4. The method according to claim 2, wherein the obtaining feature vectors of each feature entity in the knowledge-graph includes:

performing random walk based on the knowledge graph to obtain a plurality of triplets, wherein the triplets comprise two directly related characteristic entities and an association relationship between the two directly related characteristic entities;

substituting the triples into a predetermined objective function for training aiming at each triplet to obtain two triples included by the triplet when the objective function is minimumThe characteristic vector of each characteristic entity, the objective function satisfies:，

wherein,for the objective function, h and t are two characteristic entities comprised by the triplet,/->For the eigenvector of h, +.>And r is the characteristic vector of the association relationship between h and t.

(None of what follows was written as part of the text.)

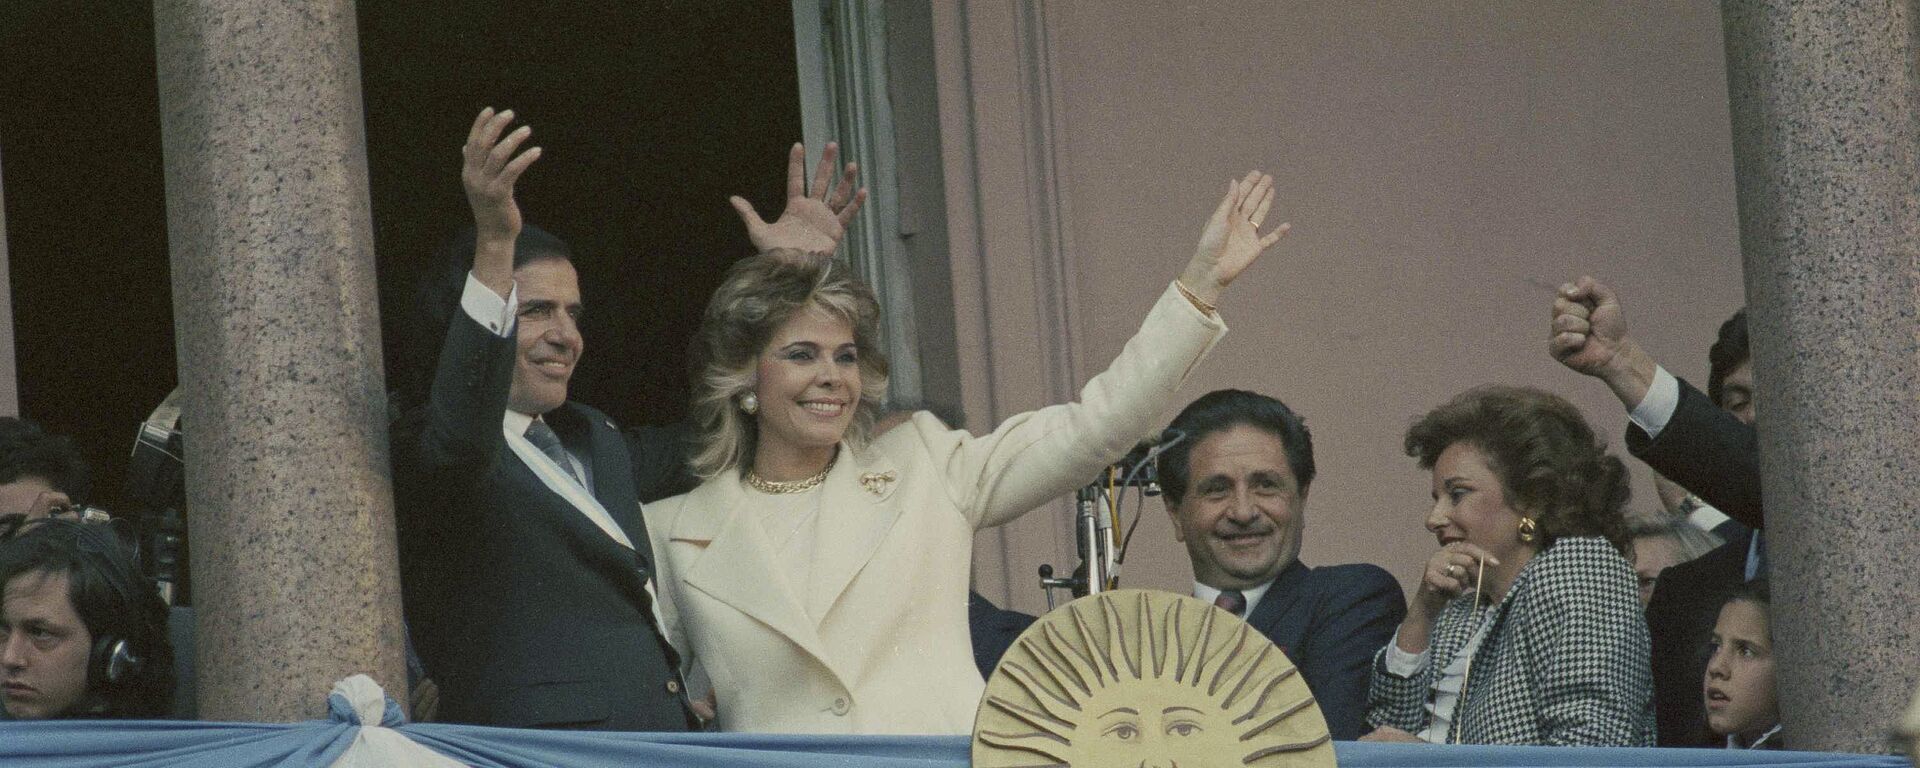 Carlos Menem, expresidente de Argentina y su exesposa, Zulema Yoma (archivo) - Sputnik Mundo, 1920, 09.07.2019

5. A predictive model-based rating feature weight determination apparatus, the apparatus comprising:

the system comprises an acquisition module, a classification module and a classification module, wherein the acquisition module is used for acquiring a knowledge graph, the knowledge graph is constructed according to collected rating feature data, the knowledge graph comprises a plurality of feature entities and association relations among the feature entities, the feature entities comprise a plurality of target entities, the rating feature data comprise a plurality of rating features, each feature entity corresponds to one type of rating feature, and the target entities are enterprises;

the determining module is used for determining a weight matrix of the rating feature according to the trained prediction model;

，

the training ending conditions include:

or,

6. An electronic device comprising a memory, a processor, a program stored on the memory and executable on the processor, and a data bus for enabling a connection communication between the processor and the memory, the program when executed by the processor implementing the steps of the predictive model based rating feature weight determination method according to any of claims 1 to 4.

7. A storage medium for computer readable storage, wherein the storage medium stores one or more programs executable by one or more processors to implement the steps of the predictive model-based rating feature weight determination method of any of claims 1 to 4.